When my nephew was about three, my sister took him into a public restroom to do his business.  When he was through, she decided to go ahead and pee, too.  "No, Mommy," he protested, "I want to you to pee sthanding up like me!"

"Honey, you know Mommy can't do that. Mommy doesn't have a penis."

"Oh, right....boys have penuthes, girls have bwains (brains)!"  

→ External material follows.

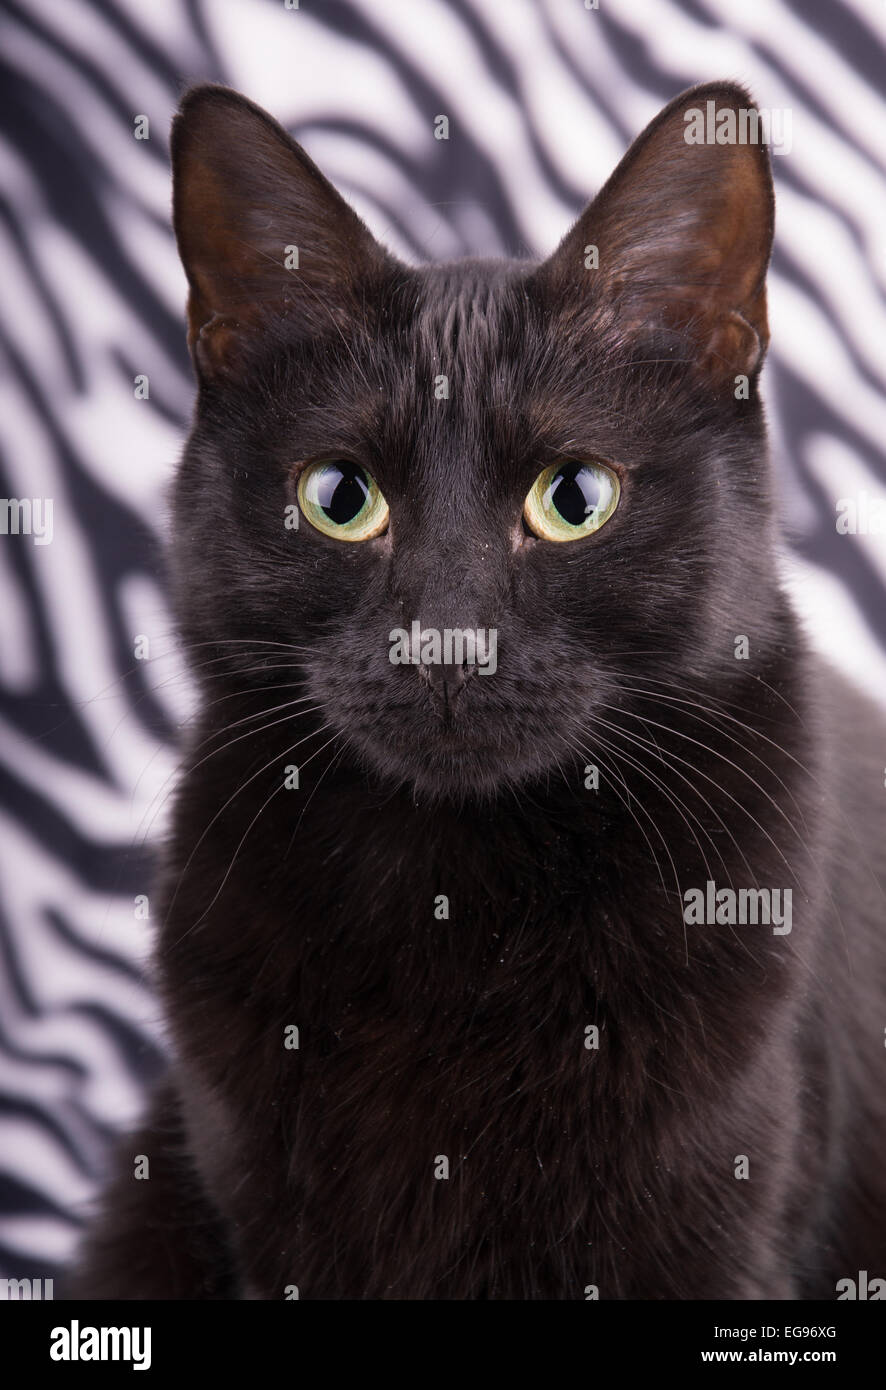 Closeup of a beautiful black cat against zebra striped background Stock Photo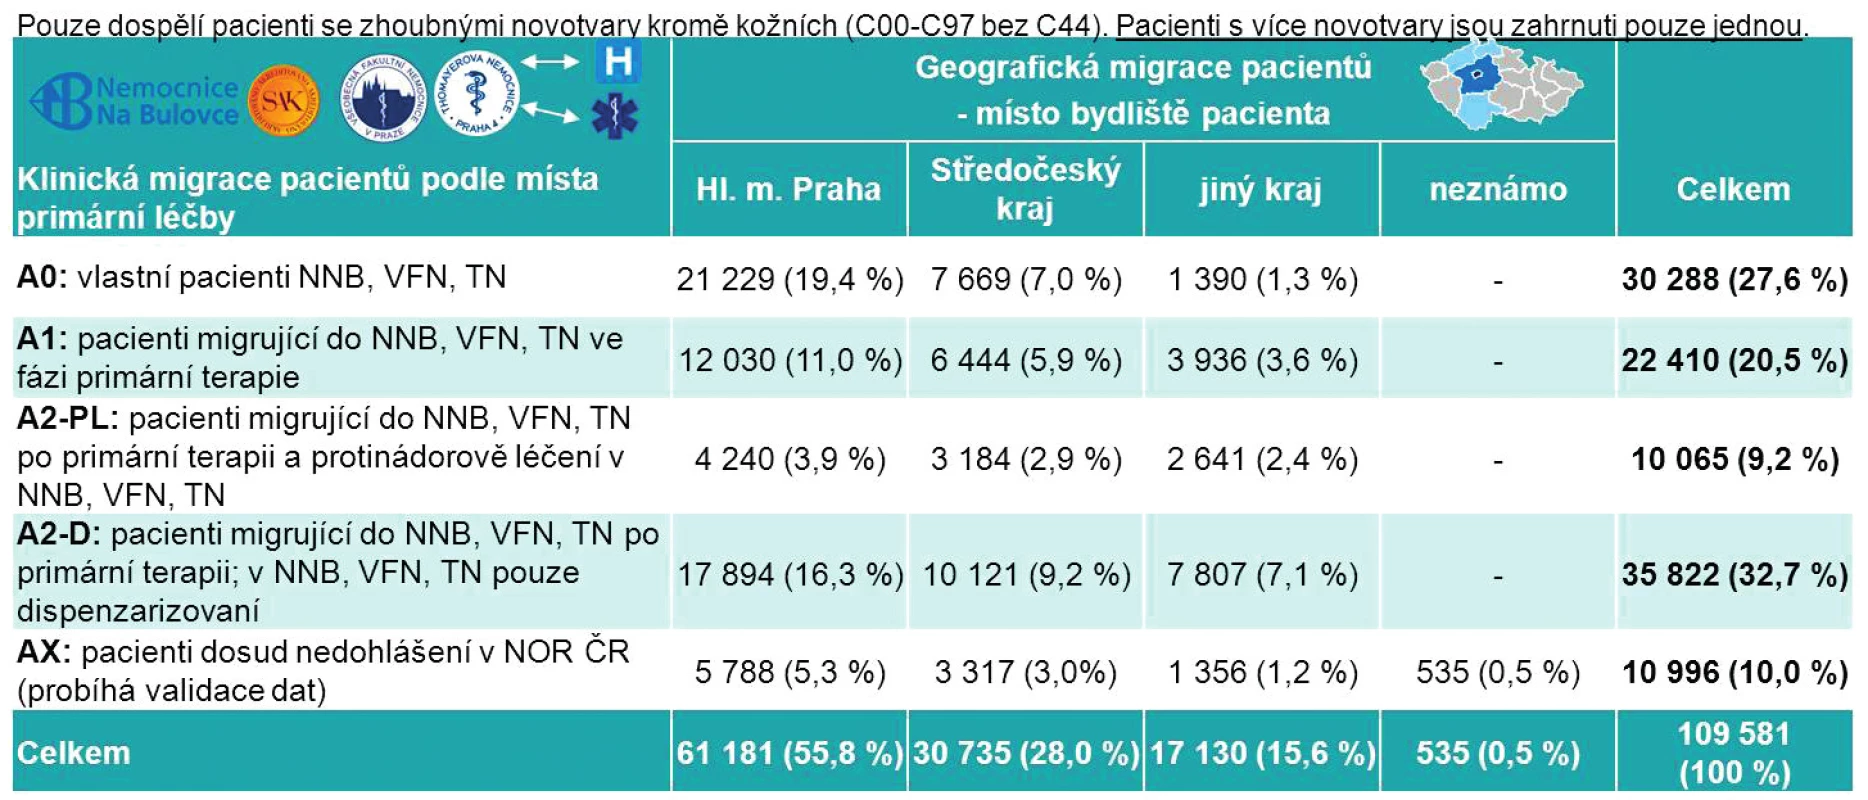 Celkové počty pacientů dostupné pro analýzy (pacienti léčení v NNB, VFN, TN leden 2007 až prosinec 2013) (zdroj: Národní onkologický registr ČR + data NNB, VFN, TN + datábáze bydlišť pacientů)

Heaven knows where he had heard that, but we bring it up at all family gatherings.  We'll probably still be telling that story at his 50th birthday party.


----------



## Denise1952 (Mar 9, 2015)

OMG, that is hilarious!! I never heard that before, what a hoot


----------



## jujube (Mar 9, 2015)

Sis called me up one day and asked, "Do you think my son is a pervert?"  She said he had (again, he was about 3) gone up to a grandmother who was picking up her granddaughter at the day care center and asked her if she wanted to see his penis.  When she didn't immediately answer, he apparently decided that she was, indeed, highly interested and pulled his pants down to show her.

I assured her that, no, he wasn't a pervert but that he was so happy about this multi-purpose plaything he had he wanted to share his joy with the world.  I told her if he was still doing that at 20, then she could start worrying.


----------



## Denise1952 (Mar 9, 2015)

I laughed all the way through your post jujube, omg that was funny!!  Lil guys and their dingalings  Oh well, you were right about if he's still flashin it to unsuspecting folks when he's 20, LOL!  I can just hear some elderly lady saying "well now, isn't that nice dear", LOL!!


----------



## AZ Jim (Mar 9, 2015)

Well at my school, when I was about 7 there was a girl we called "Dirty Beverly".  She would take boys behind the big incinerator and show us her equipment.  It was my first viewing of "it".


----------



## Denise1952 (Mar 10, 2015)

Thank you for sharing Jim, it's never too early to start learning.  Did you just run, or did you scream first, then run? LOL!


----------



## Shirley (Mar 10, 2015)

My little Bubba just started wearing big boy underwear. He is so proud. He pulls his pants out and says, "See, Mamma. Pee pee."


----------



## Denise1952 (Mar 10, 2015)

One of my "now grown" nephews was about 6, and he was so, soft-spoken, you had to ask him again, and again what he was saying.  Not really shy we found out soon enough, just sort of silent but deadly, LOL!! Nah, he really is turning out really well, but I digress.  I was taking care of him, I think we had just gone shopping, and my little toney dog was with us as always.  She was a 9 lb'er, and I don't think of that as heavy.  But she loved to ride on Jade's lap and he didn't mind, but she would occasionally stand up on her hinds and look out the truck window.  One day she was doing that and we were almost home.  Jade kept mumbling something, and I'd ask him to speak up so Aunt Deanie could hear him.  After asking him twice I think, he spoke up loud and clear "toney is standing on my nuts"!!

I didn't even know he knew that kind of word


----------



## Don M. (Mar 10, 2015)

Boys can run faster than girls because they are built with Ball Bearings and a Stick Shift.


----------



## Denise1952 (Mar 10, 2015)

Well that explains a lot, wow, I never thought when I made this thread I would be learning so, very much!!


----------



## Ken N Tx (Mar 11, 2015)




----------